O prato ainda existe no cardápio e é composto por filé à milanesa, batata palha, banana, abacaxi, ovo, cebola e bacon. Serve duas pessoas e custa R$ 81,40.

NOVA GERAÇÃO

Uma nova leva de cozinheiros de Belo Horizonte que ganhou força no início da década tem explorado a culinária contemporânea a partir de produtos tradicionais mineiros e brasileiros.

Um dos expoentes desse movimento é o chef Leonardo Paixão, do Glouton, que se autodenomina um restaurante franco-mineiro.

Paixão abriu o Glouton em 2013, recém-chegado da França, onde estudou culinária e estagiou em restaurantes. O objetivo era fazer uma cozinha puramente francesa.

A necessidade de renovar constantemente o cardápio e a proximidade com produtos locais, no entanto, fez com que a mineirice invadisse o menu naturalmente.

"Na hora de finalizar os pratos, não tinha jeito, eu sempre buscava esse gosto de comida caseira", diz o chef.
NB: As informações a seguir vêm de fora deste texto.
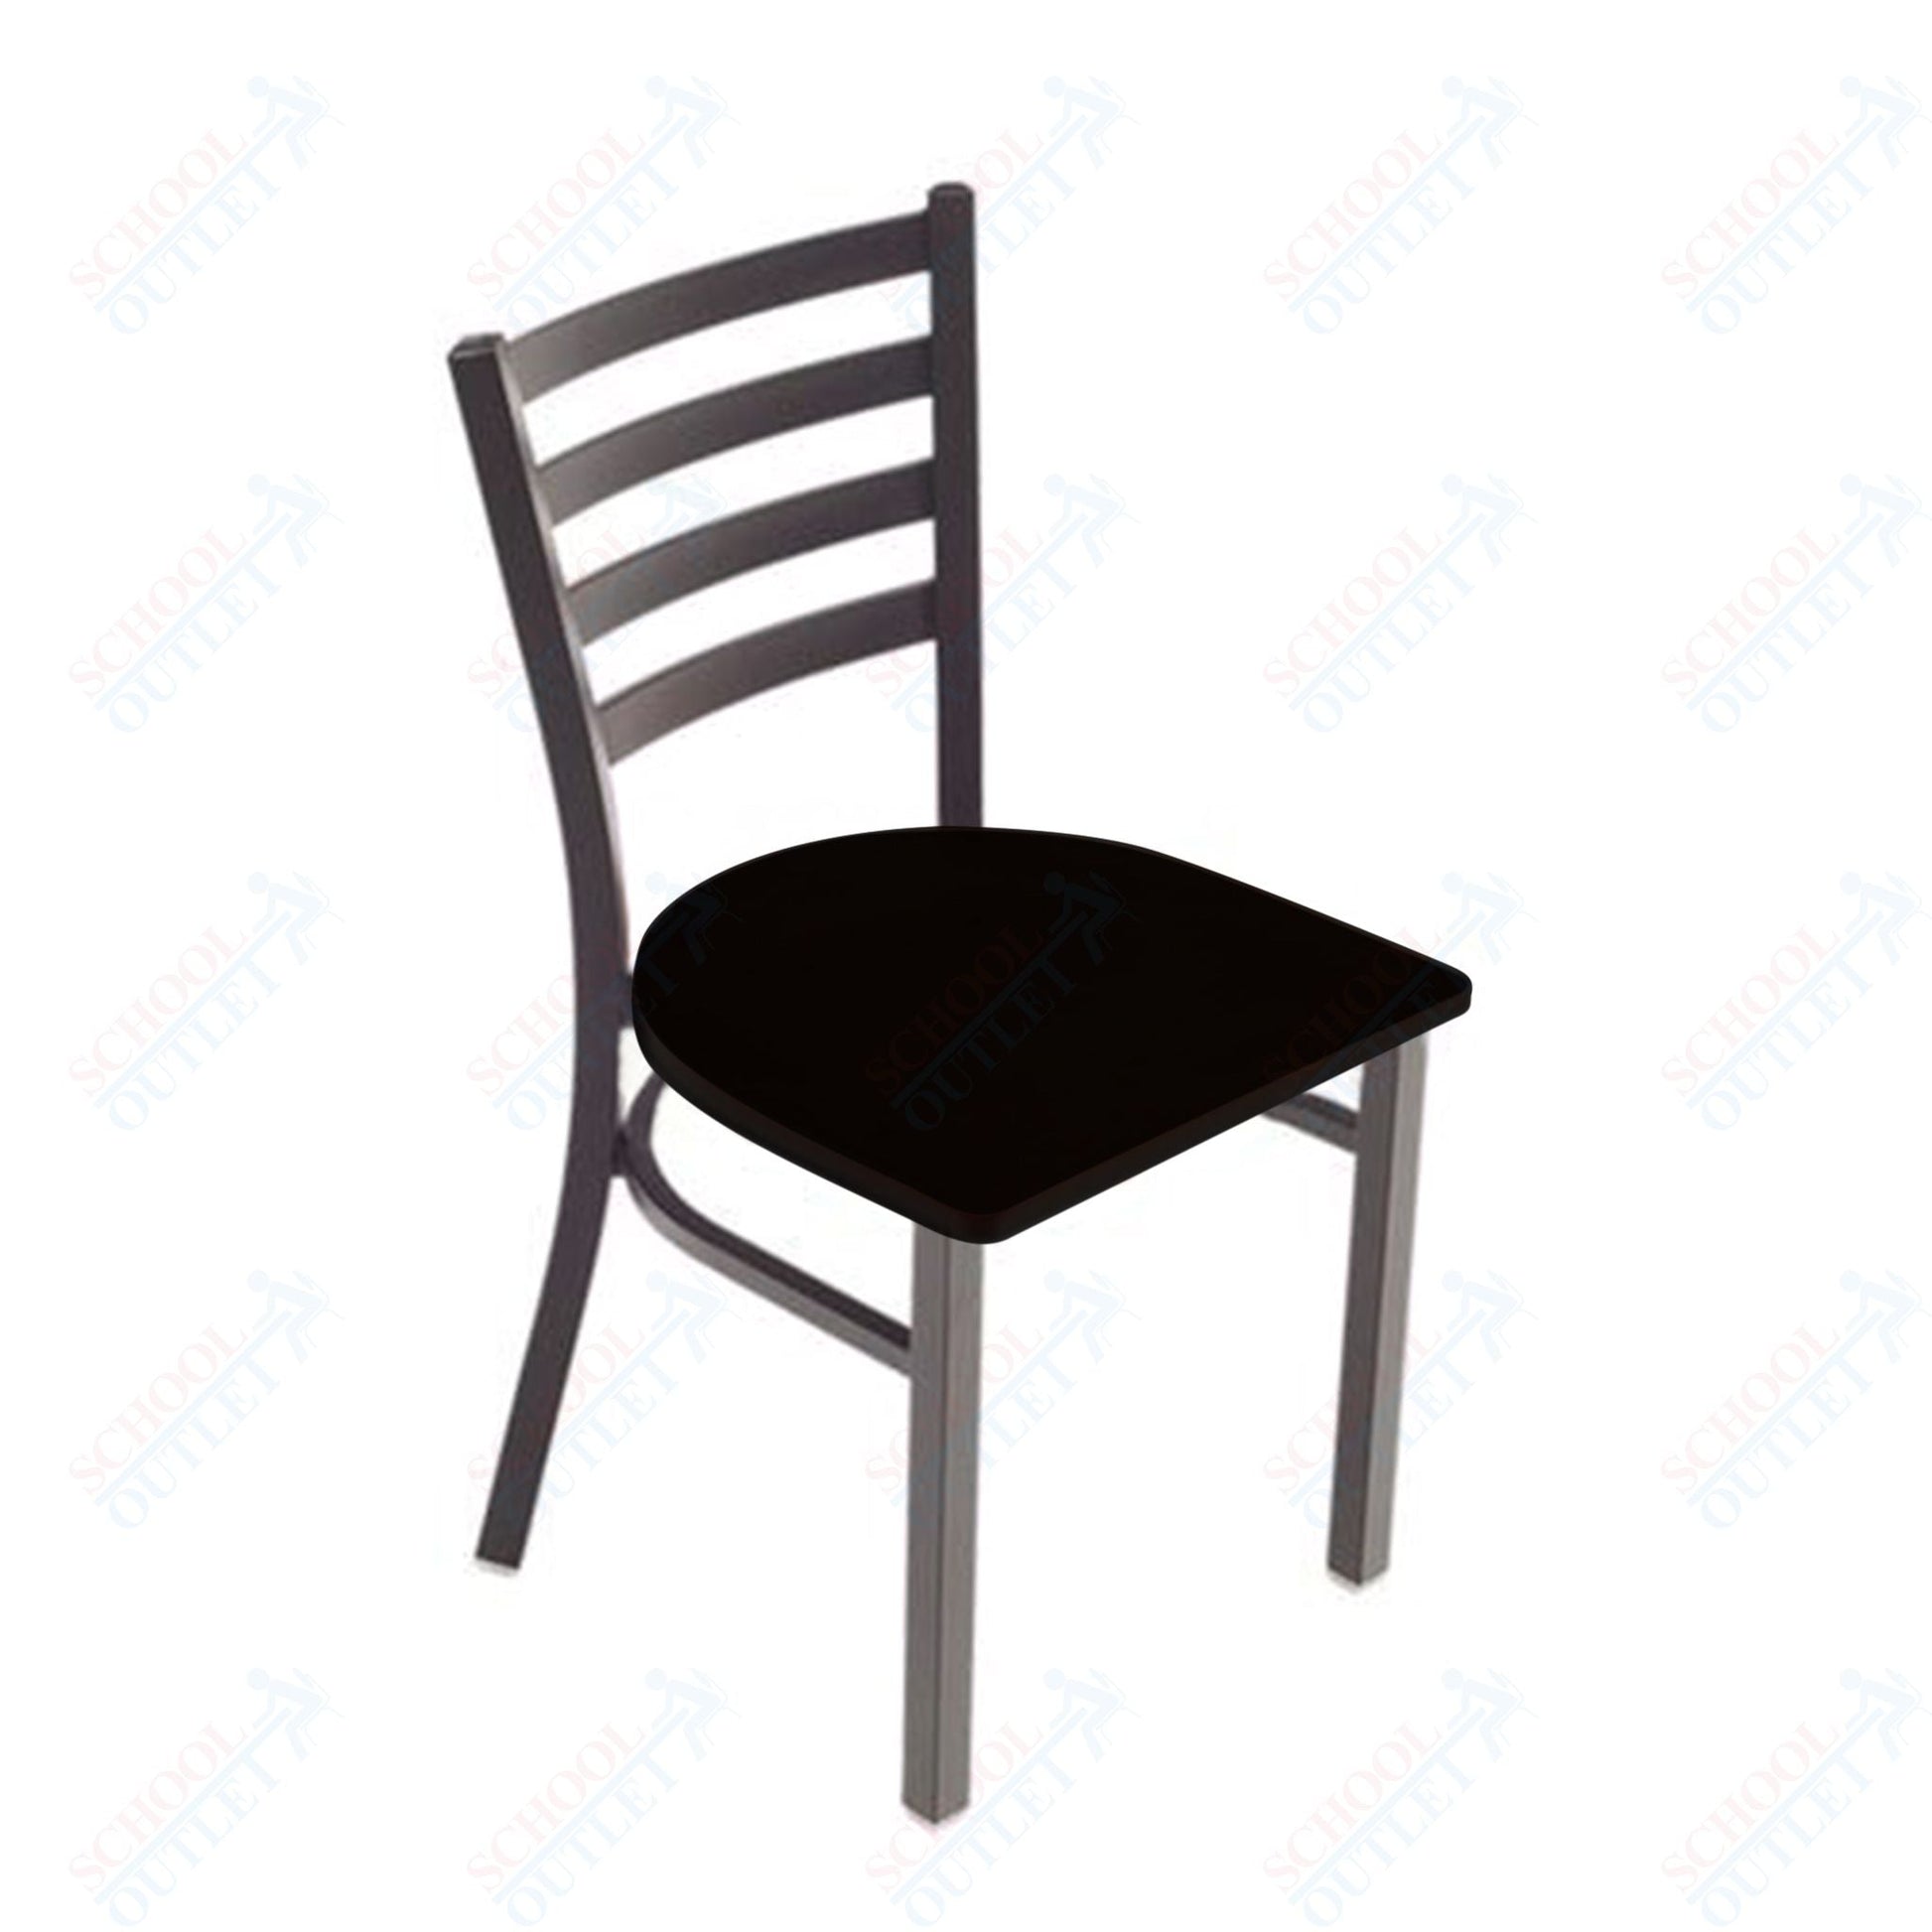 AmTab Cafe Chair - 16.5"W x 17"L x 32.25"H - Seat Height 17.25"H (AMT - CAFECHAIR - 4) - SchoolOutlet
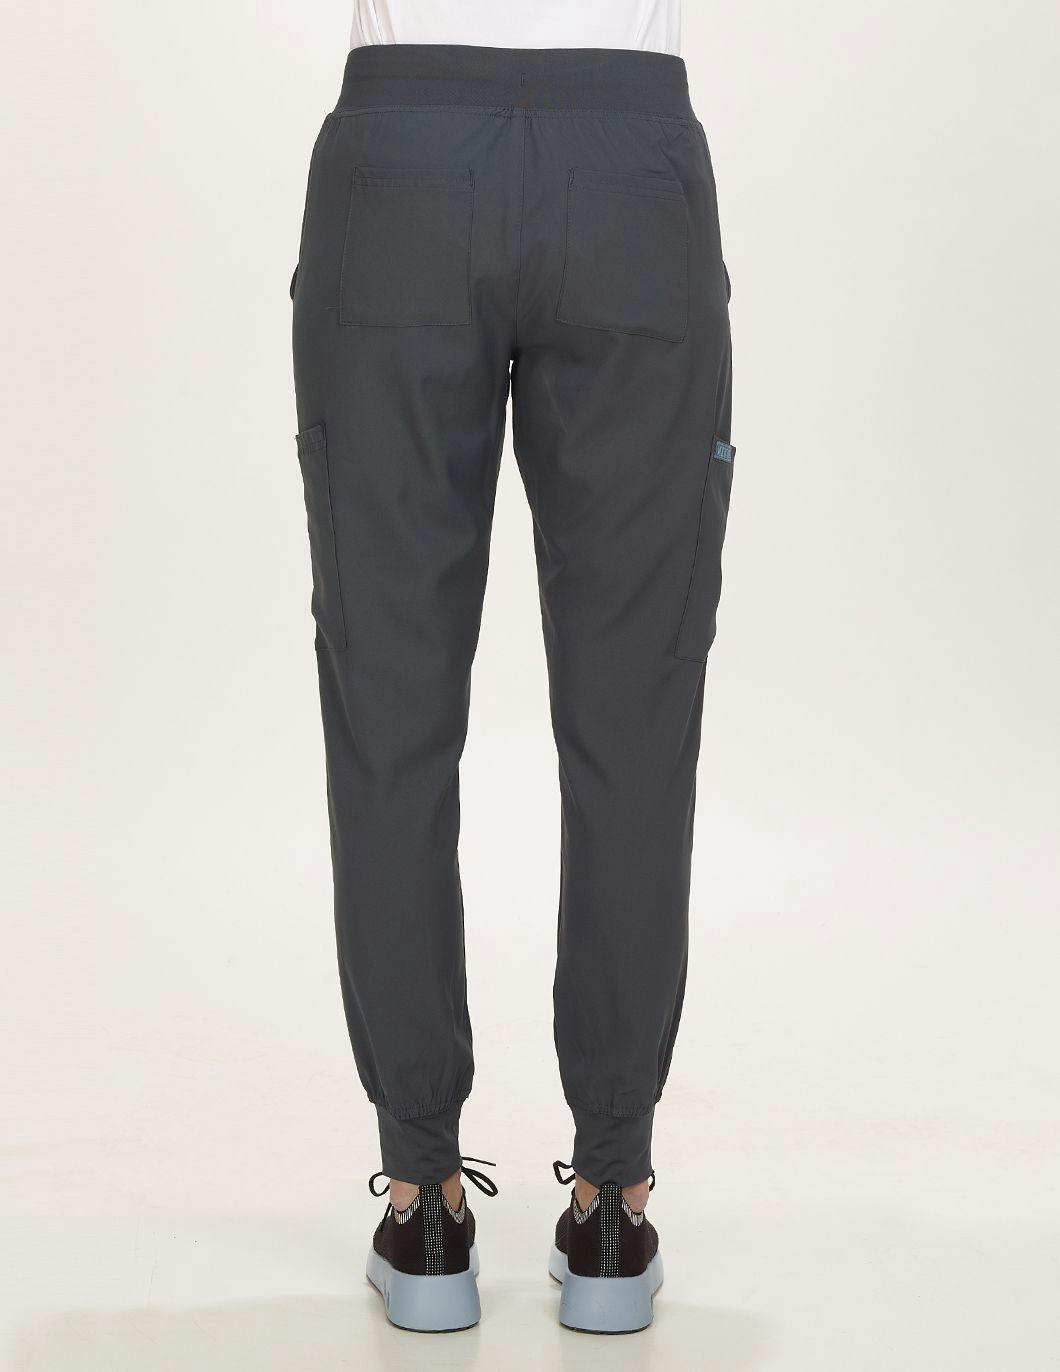 Med Couture Insight Jogger Scrub Pant

Um dos pratos preferidos de Paixão é a papada de porco -um corte tipicamente mineiro- acompanhada de mil-folhas de mandioca e molho de laranja. A finalização é praticamente idêntica à de uma receita tradicional francesa de vitela.

Atualmente, a faceta europeia do restaurante aparece sobretudo nas técnicas.

Outro representante dessa nova geração da alta cozinha mineira é o restaurante Trindade, comandado por Frederico Trindade.

Ele também estudou na França, onde trabalhou na Maison Troisgros, com três estrelas pelo Guia Michelin. No Brasil, passou pelo D.O.M., de Alex Atala.

O Trindade já nasceu como uma casa contemporânea brasileira, em 2011.

Inspirado por Atala, mas também por nomes como dona Nelsa Trombino, fundadora do tradicional Xapuri, Trindade diz valorizar o pequeno produtor local e ingredientes tradicionais, mas sem deixar de combinar a culinária internacional e a brasileira.

Um dos exemplos é o guioza com recheio de pezinho de porco, frango caipira com tucupi e picles.